Après une décennie passée à travailler ses Materiologies et Texturologies au contact de la nature, à explorer les possibilités des matières organiques dans un rejet affirmé du réel, l’artiste fait volte-face. Comme il l’écrit en décembre 1961 à Peter Selz, conservateur au MoMA, il trouve dans cette rupture la réponse à un épuisement plastique : « A peindre la terre, le peintre tendait à devenir terre et cesser d’être homme – donc cesser d’être peintre. En réaction contre ce courant absentéiste mes peintures de cette dernière année mettent en œuvre en tout domaine une intervention très appuyée […] Les personnages y abondent et c’est cette fois leur parti qui est pris avec entrain » (Lettre à P. Selz, 21 décembre 1961). Pendant près de dix-huit mois, à partir de 1961, Dubuffet va croquer compulsivement le tourbillon urbain. Mais ce n’est que pour mieux le déformer, guidant le spectateur dans le songe d’une ville chamarrée aux lignes suaves qui font tanguer les murs du bâti haussmannien. S’il revient avec Paris Circus à la représentation, renouant avec ses premières Vues de Paris de 1943, ce n’est que pour mieux la tordre.

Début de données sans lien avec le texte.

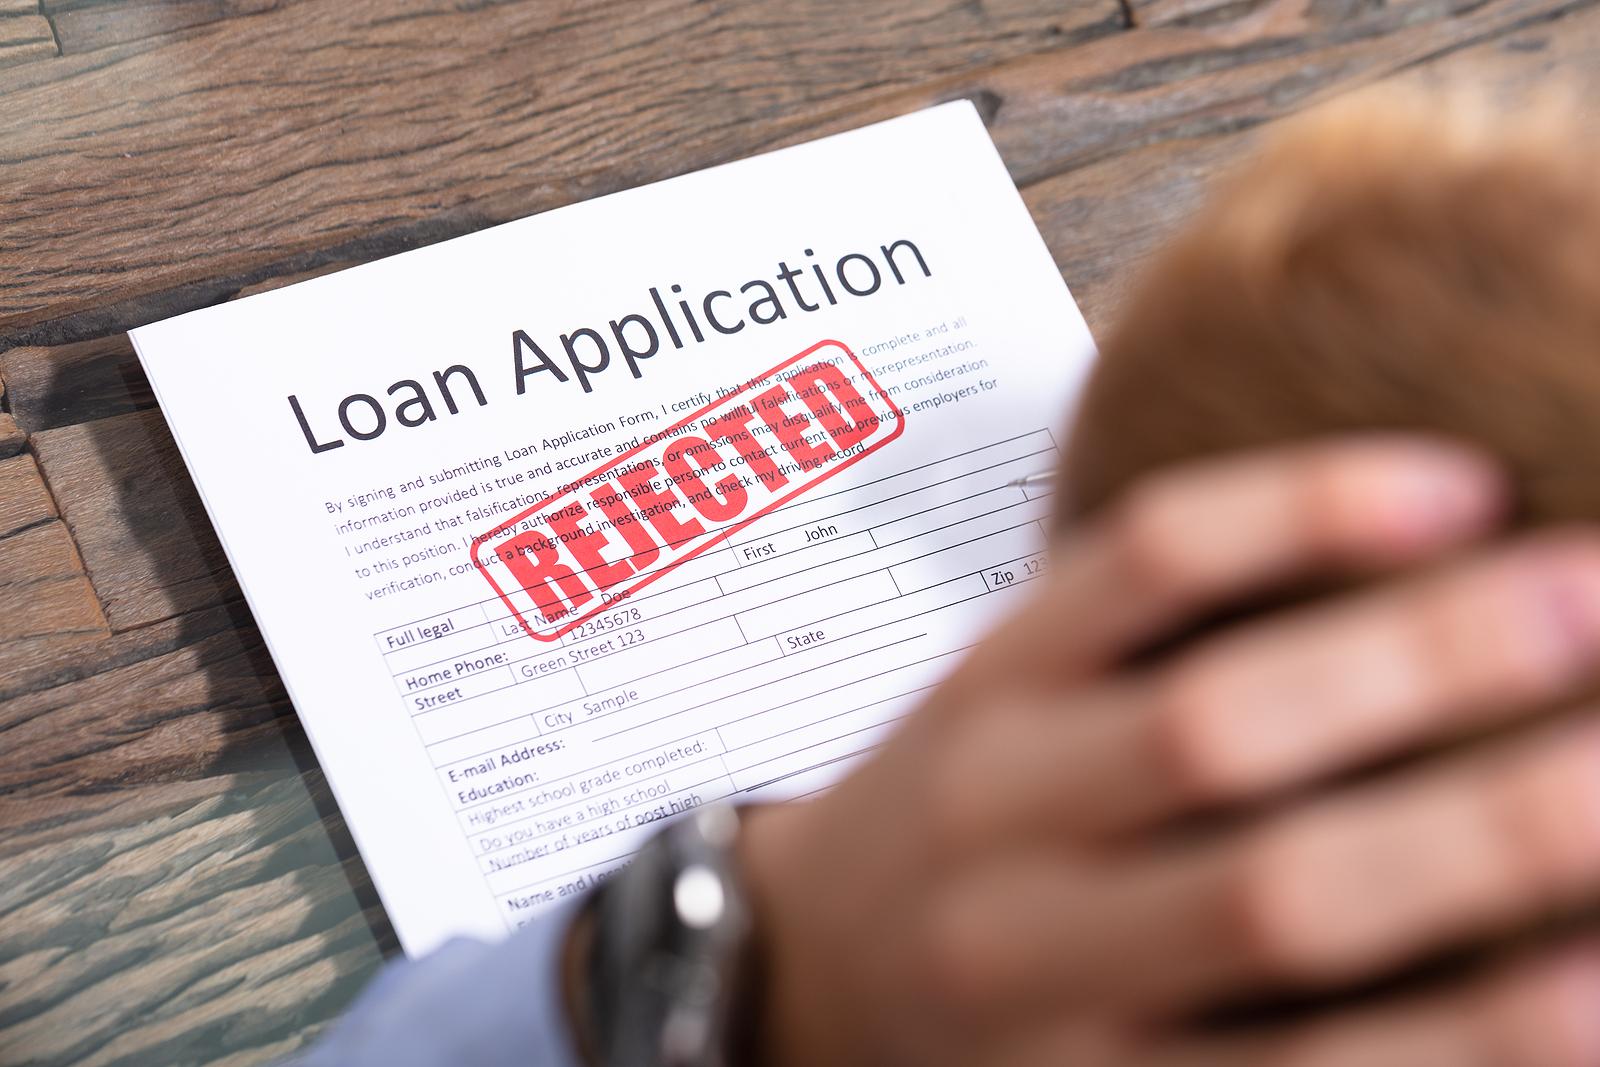 Merchant Cash Advance Requirements - Does My Business Qualify?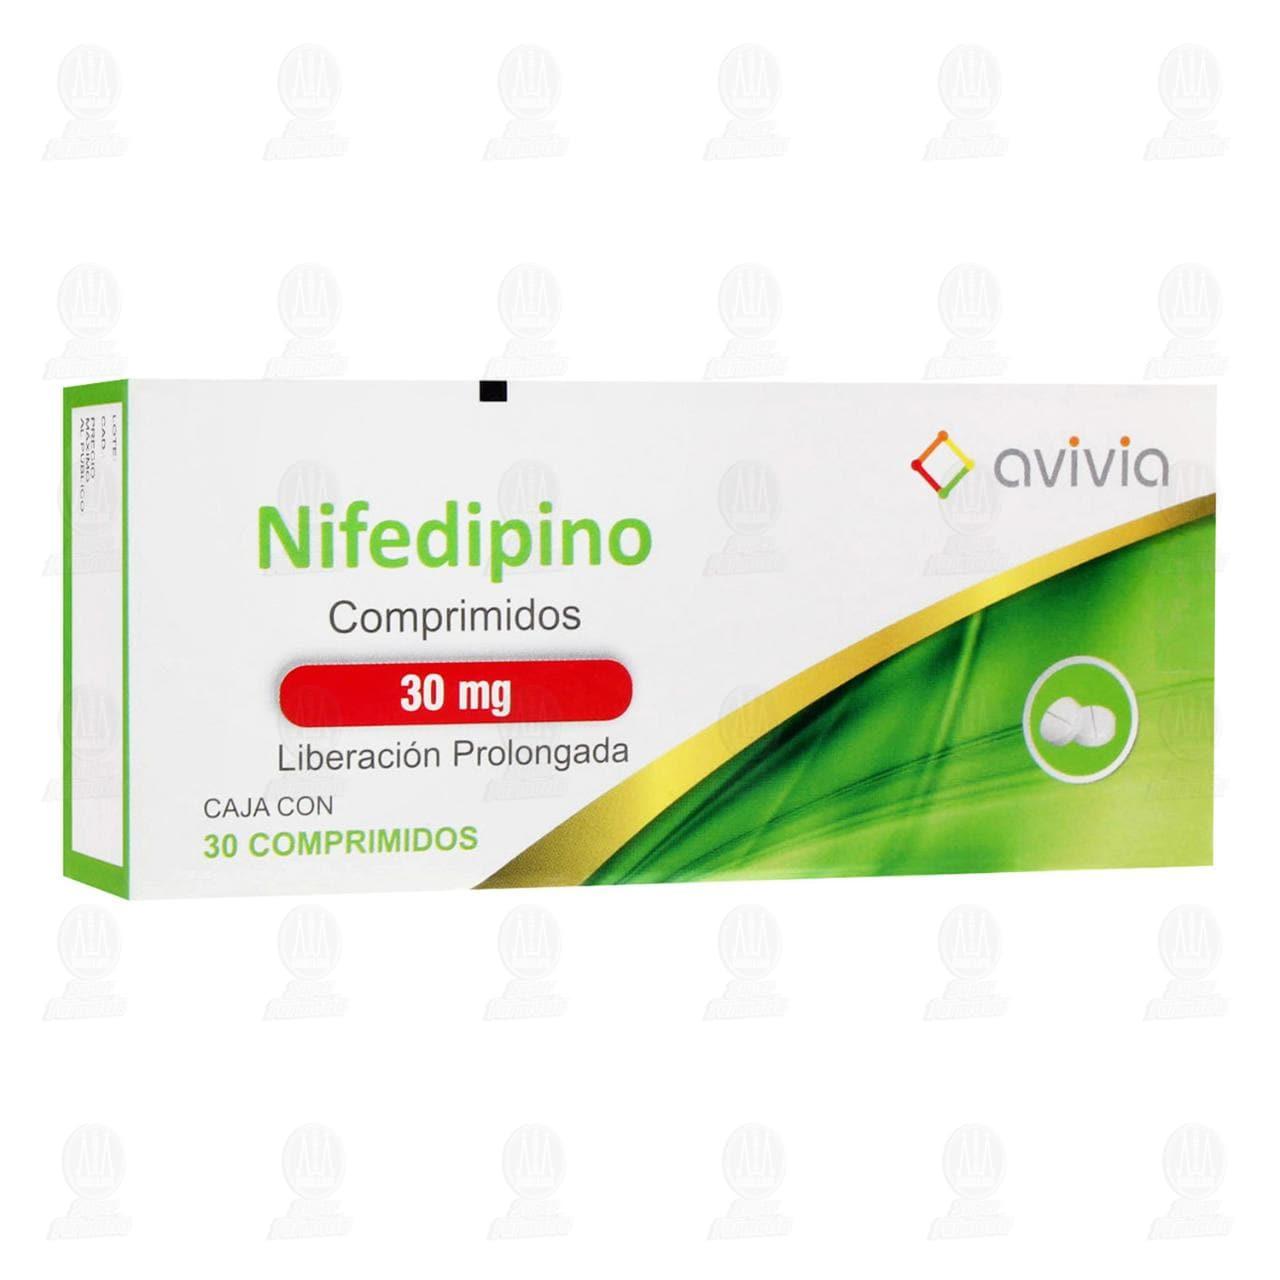 Comprar Nifedipino 30mg 30 Comprimidos Avivia Pharma en Farmacias Guadalajara

Davantage que la ville, Dubuffet veut transcrire une vision hallucinée de celle-ci : « Je veux que ma rue soit folle, que mes chaussées, boutiques et immeubles entrent dans une danse folle, et j’en déforme et dénature pour cela les contours et les couleurs » (Lettre à H. Damisch, 31 mai 1962). Il en est ainsi de sa gouache Blanchissage, Pharmacie : sur le papier couvert de rouge carmin, il a tracé au noir et bleu électrique les lignes instables d’une rue passante. Tout foisonne, la ville se liquéfie au contact du pinceau, en un all-over aplani : les personnages rieurs aux habits bigarrés et chapeaux haut-de-forme penchent leurs corps sur une chaussée suggérée par quelques hachures beiges ; derrière, les contours déliés des commerces, identifiés par leurs seuls noms, forment des alvéoles arrondies colorées de jaune, de blanc, de nuances de bleu ou de vert d’eau. Non sans humour, Dubuffet place aux côtés de ses magasins ordinaires, pharmacie et laverie, une « entrée », invitation à pénétrer dans l’effervescence de l’œuvre et dans les entrailles de la ville. Si les mots ancrent ce paysage rêvé dans son identité urbaine, ils participent également du jeu que l’artiste noue, dans la série, avec son public : « Par leur allure enfantine – tracés maladroits et fautes d’orthographe – ils enfièvrent la danse qui agite la ville » (in catalogue d’exposition, Paris, Centre Pompidou, Jean Dubuffet, septembre-décembre 2001, p. 229).
Peinte avec d’autres gouaches aux titres railleurs, telles que Commerce honorable ou L’apathique, Blanchissage, Pharmacie est l’une des dernières œuvres de Paris Circus. Après un séjour en février à New York, pour sa rétrospective au MoMA, Dubuffet épuise dans ces gouaches les derniers paysages urbains. La prédominance du rouge, du bleu et du noir ainsi que le tracé spontané, anticipent ici le cycle de l’Hourloupe, débuté à l’été 1962. Mais, plus encore, c’est le rapport désormais décomplexé et idiosyncratique de l’artiste au monde qui va nourrir son travail à venir. A l’image de Blanchissage, Pharmacie, où une vue citadine ordinaire, une rue sans histoires, est passée sous le monocle d’une divagation optique. Naît soudain une folie joviale dans une explosion chromatique qui emporte notre vision.
“That terrible street deafened her with its ceaseless flow of cars, and the streaming crowd never ceased to jostle her; still she did not stir, but remained feasting her eyes on the blazing splendour, set out in the light of the reflecting lamps which hung outside the windows.” This description of the capital by Émile Zola in Le Ventre de Paris could also have come from Jean Dubuffet at the beginning of 1961. After spending almost seven years living in the countryside, especially Vence, the artist had an extended sojourn in Paris. He was struck by the agitation of a city bustling with automobiles and passersby, hopping with life with its lit-up signs and prosperous businesses, buoyed by the optimism of the post-war boom years. Astounded by the density of the real, the noises, the smells, the colours... Dubuffet began a fertile creative cycle: Paris Circus, a boisterous and outrageous celebration of a city that never slept. Blanchissage, Pharmacie (site urbain avec 6 personnages) was part of this cycle.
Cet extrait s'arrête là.